**DATASET EXCERPT**
========================

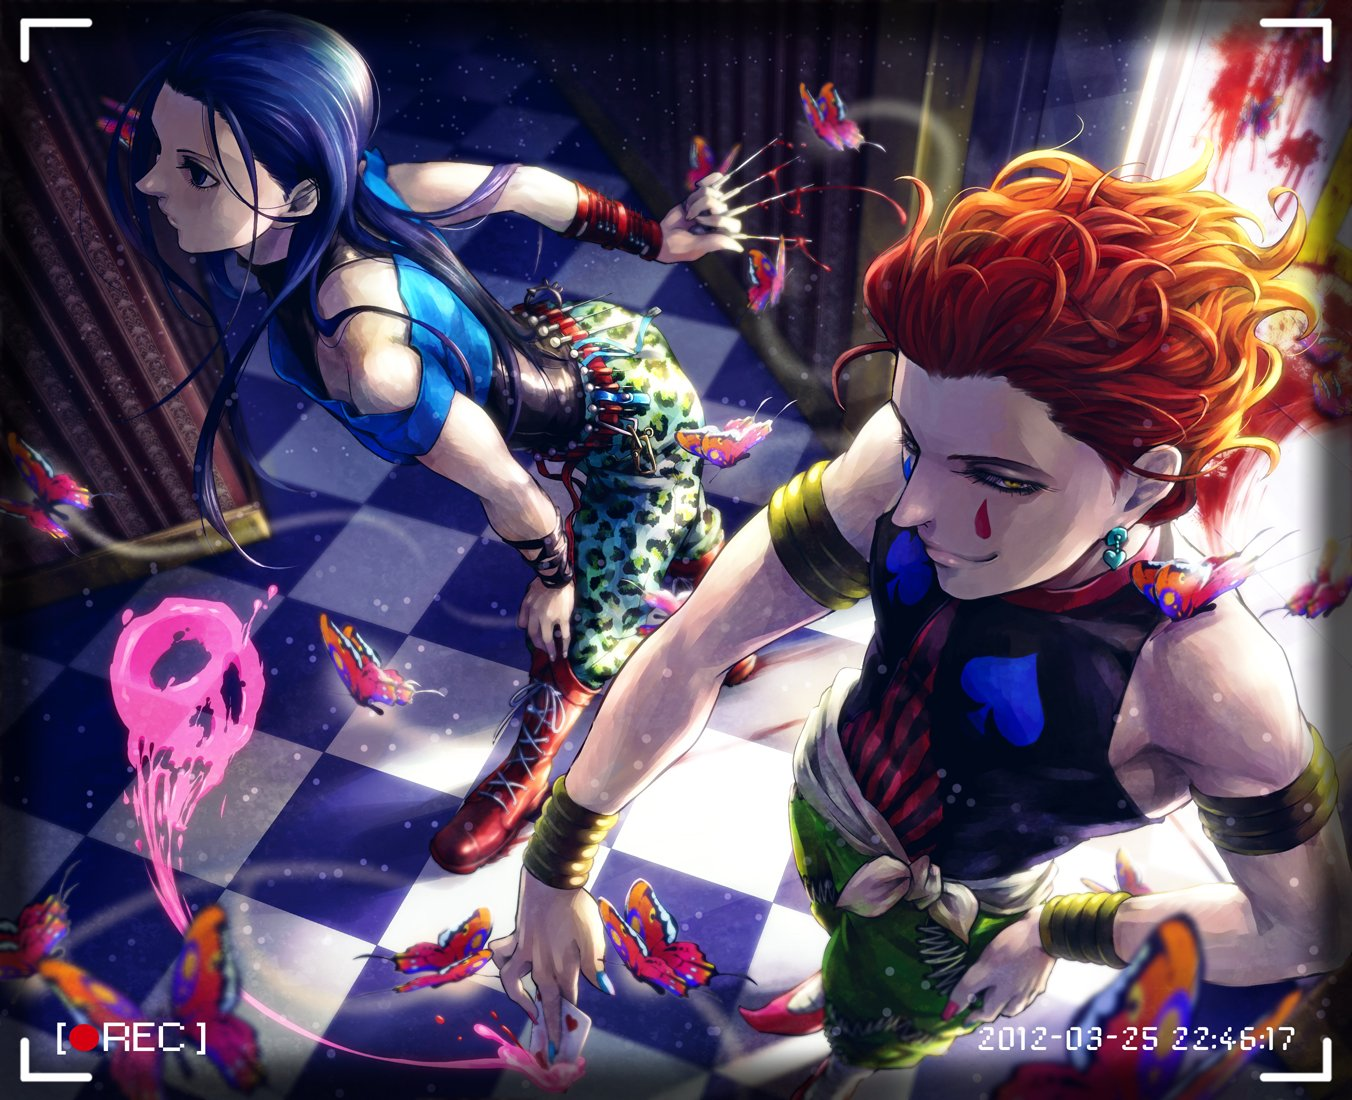 Fonds d'écran Manga Hunter x Hunter
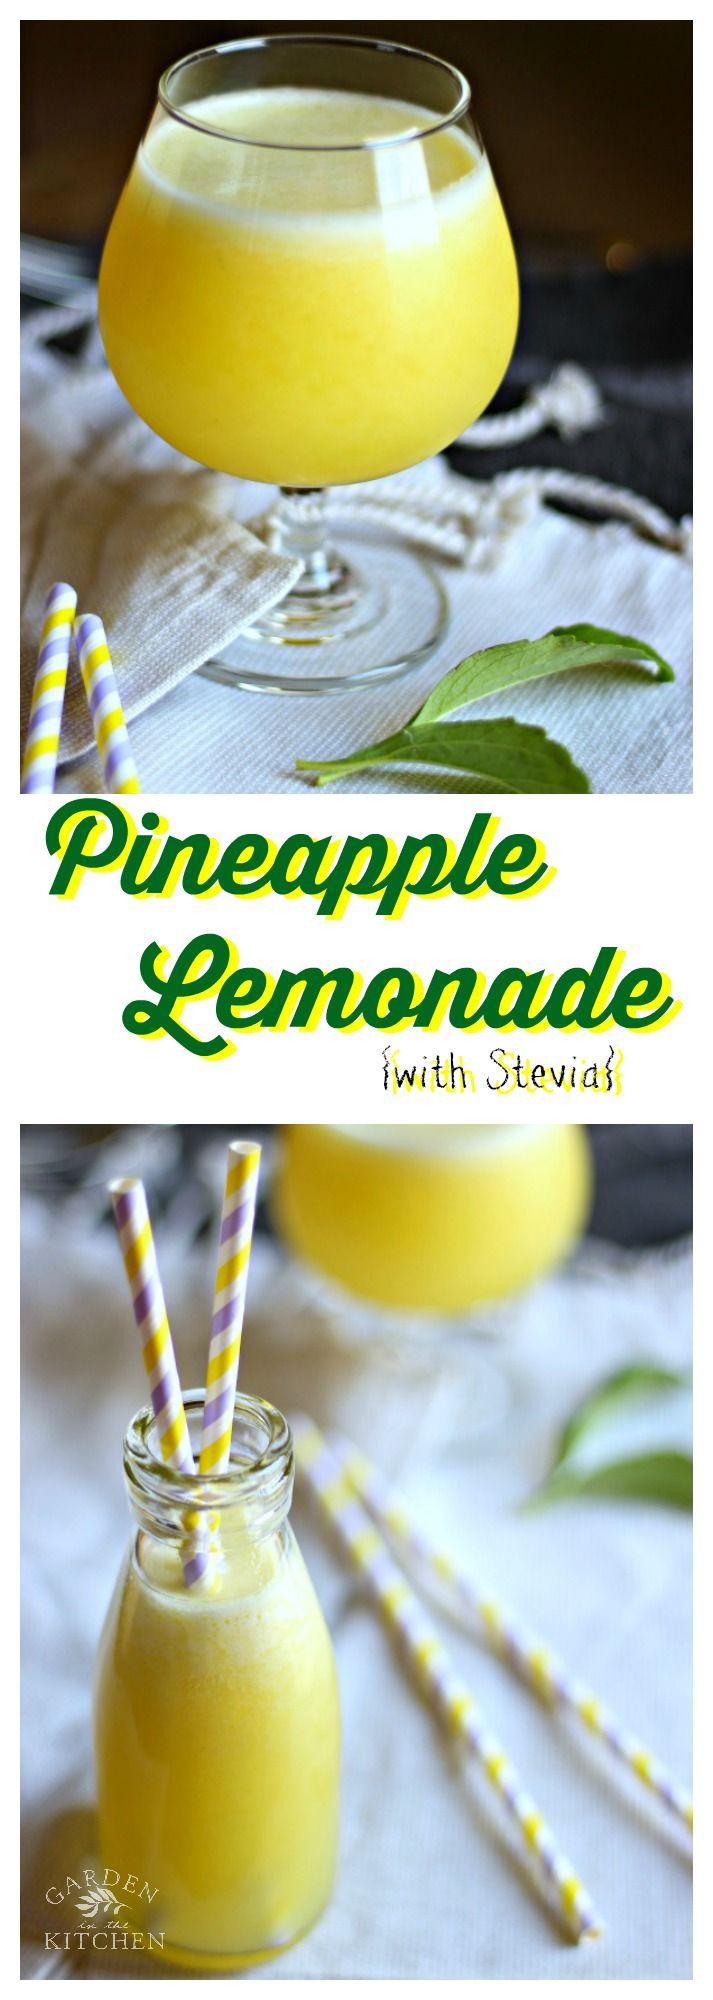 Pineapple Lemonade Recipe Pineapple Lemonade Refreshing
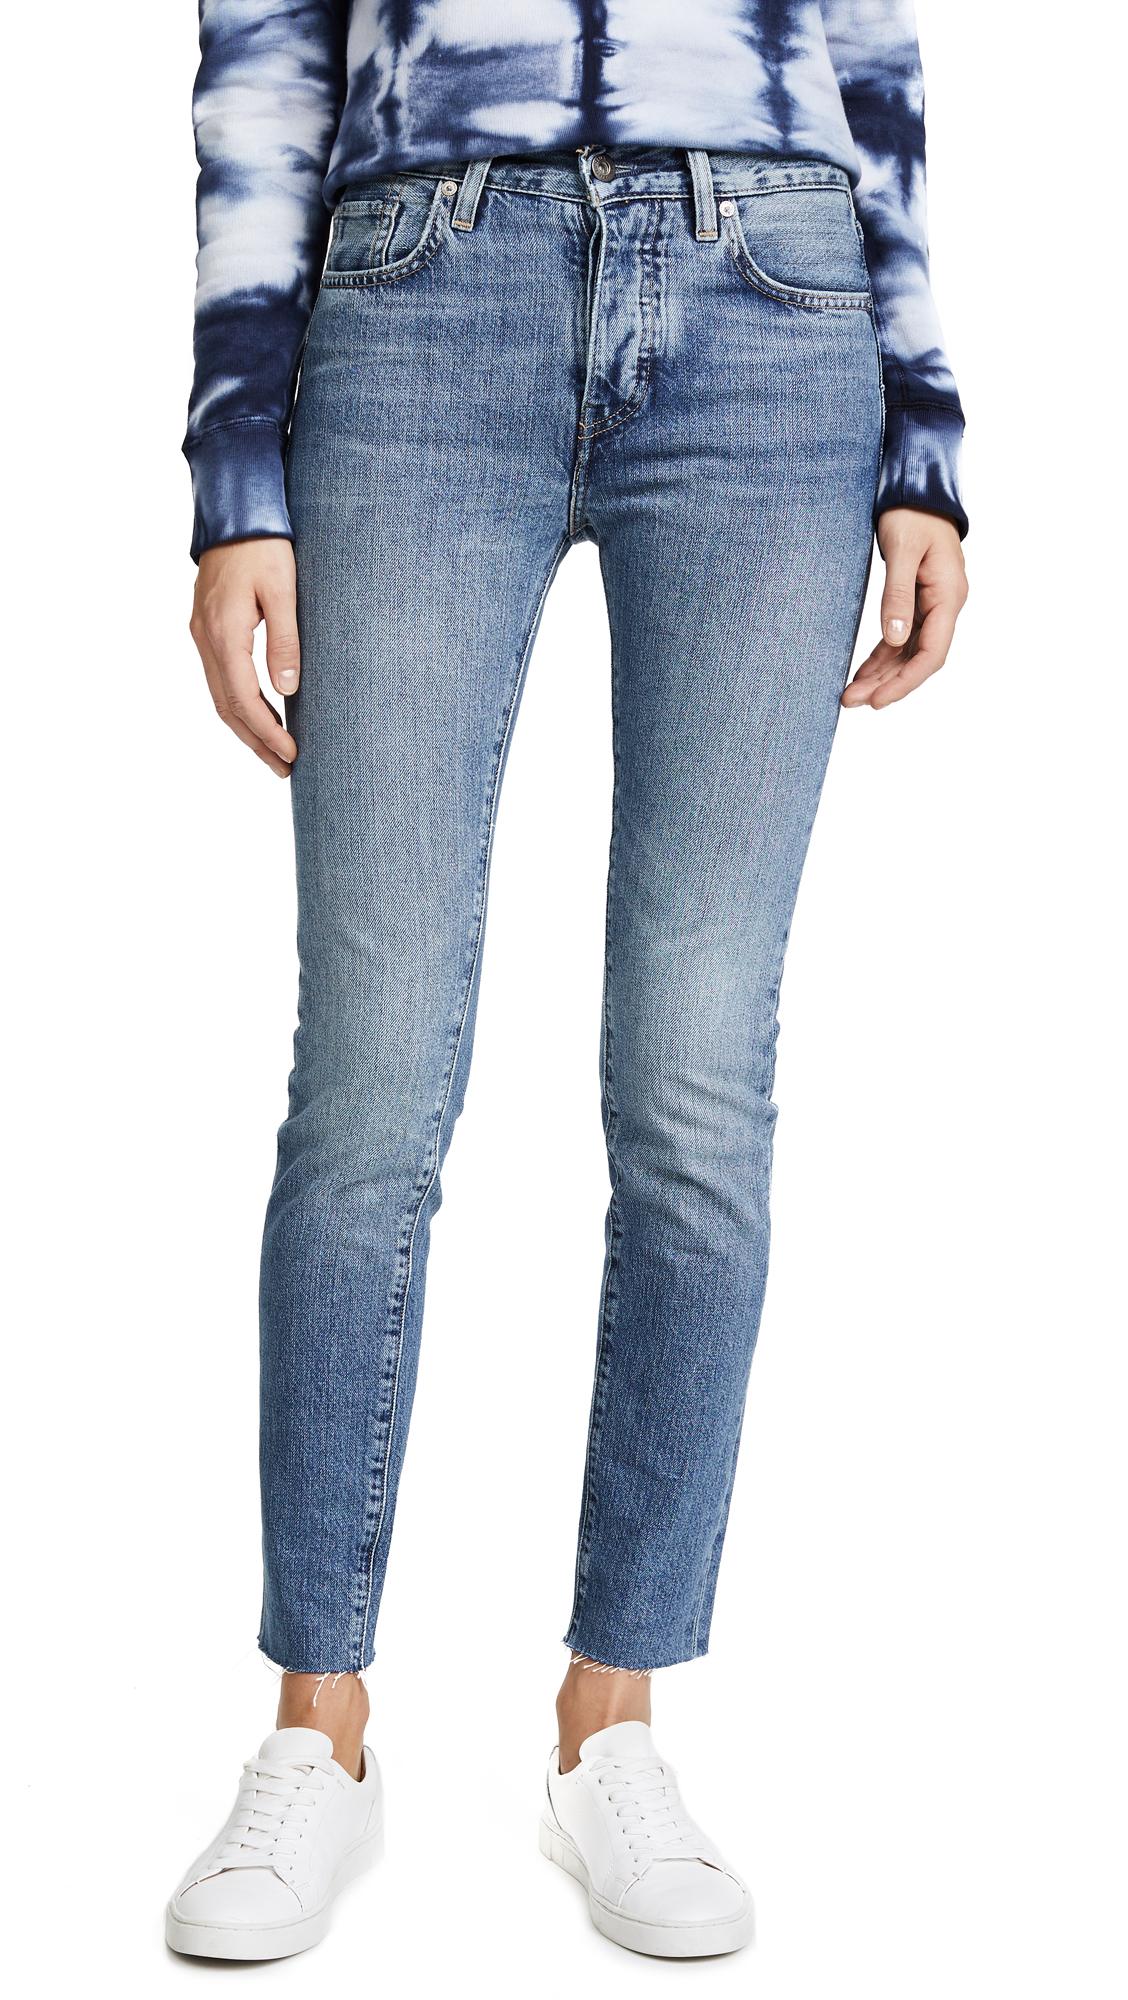 Levis LMC x SHOPBOP Slim Straight Jeans - J-Bay

========================

If a line holds a picture, skip the picture and transcribe the rest of the material exactly.

**SOLVED PROBLEM**
 Fonds d'écran Manga Hunter x Hunter
 Pineapple Lemonade Recipe Pineapple Lemonade Refreshing
 Levis LMC x SHOPBOP Slim Straight Jeans - J-Bay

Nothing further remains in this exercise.